03 November 2012

4 Abdominal Exercises

In addition you will find four exercises that are a little more challenging, but they give a greater effect.



1

Stand in push-ups position, then lean your elbows on the floor. Hands need to be on the same width with shoulders and curled into fists and directed towards each other. Tighten your abdominal muscles and set your body inn a straight line (Picture 1).

Push your hips up and hold in this position for 2 seconds (Picture 2), and then return to its original position.

Do 8 reps. After a pause of 2-3 minutes, do another series of eight repetitions.



2


Lie on the floor and place your hands in addition to the body with palms to the floor. Bend your right knee and place your right ankle over left knee. Your left leg during the whole exercise should be straight. Using your abs, lift your left leg and place it diagonally, at an 45° angle from the floor (Picture 1).

Tighten abdominal muscles and lift your legs up so that your hips move away from the floor (Picture 2). Then lower your hips on the floor and put your legs in a diagonal position.

Repeat 8 times.



3

Lie on your back and bend your knees so that your feet will rely on the floor. Set your hands along with the body with the palms on the floor. Lift your left leg up and try to form a right angle from the floor (Picture 1).

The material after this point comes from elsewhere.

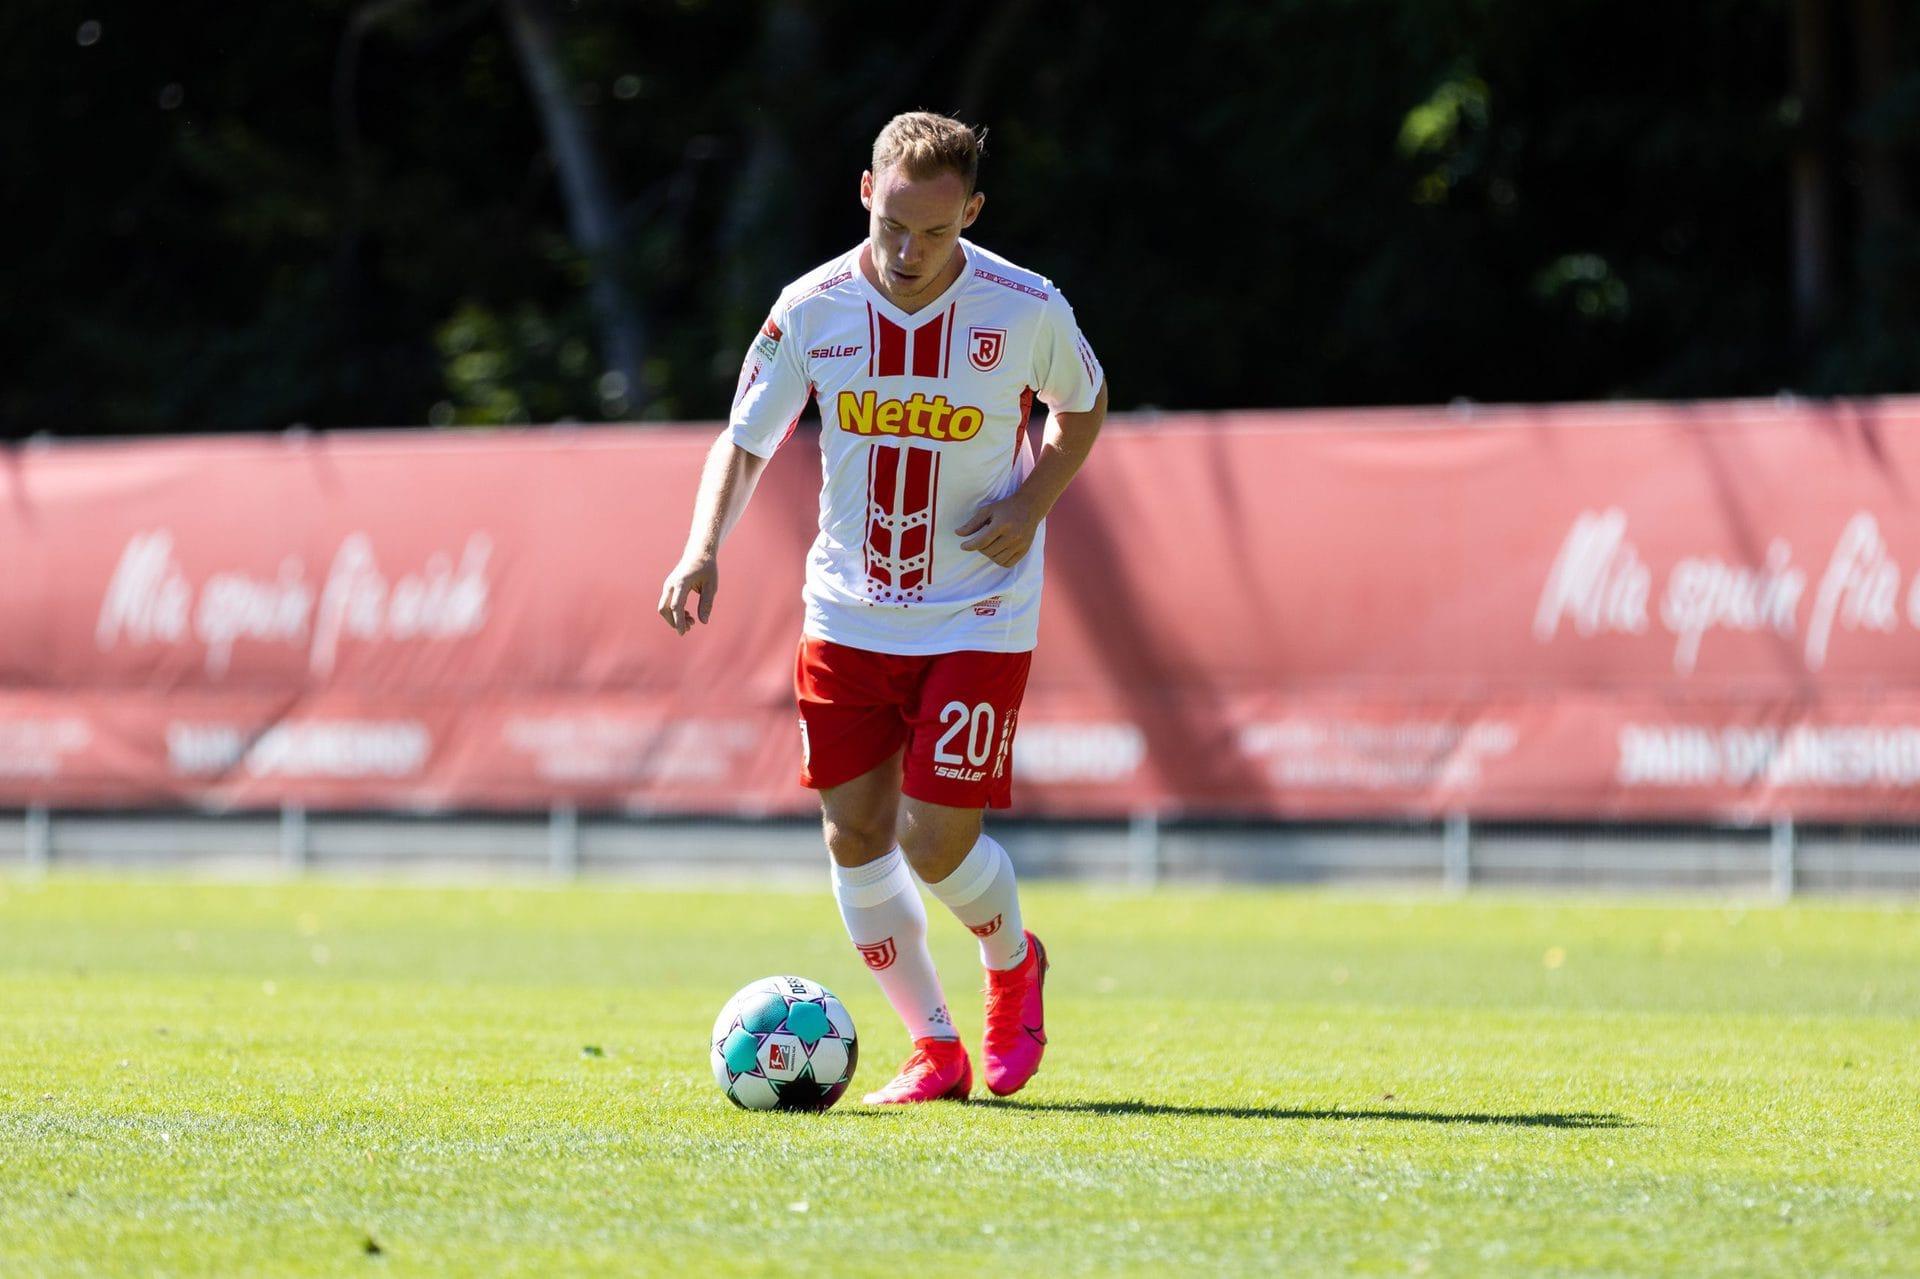 SSV Jahn: Federico Palacios schließt sich per Leihe dem MSV Duisburg an Bis Saisonende 2020/21

Push with your right foot on the floor and raise your hips up. The body needs to shape a straight line from shoulders to knees (Picture 2). Lower your hips down, just to touch the floor, and then restart.

Do 8 reps with raised left leg and 8 with raised right leg.



4

Lie on the floor and place your hands behind your head. Lift your head and shoulders off the floor and at the same time pull your knees towards the chest (Picture 1).

Lower your head and shoulders on the floor while you upright your legs and set them diagonally, at an angle of 45° from the floor (Picture 2).

During the entire exercise keep your abdominal muscles very tight. Repeat 10 times, make a 1 minute break and continue with a series of eight repetitions.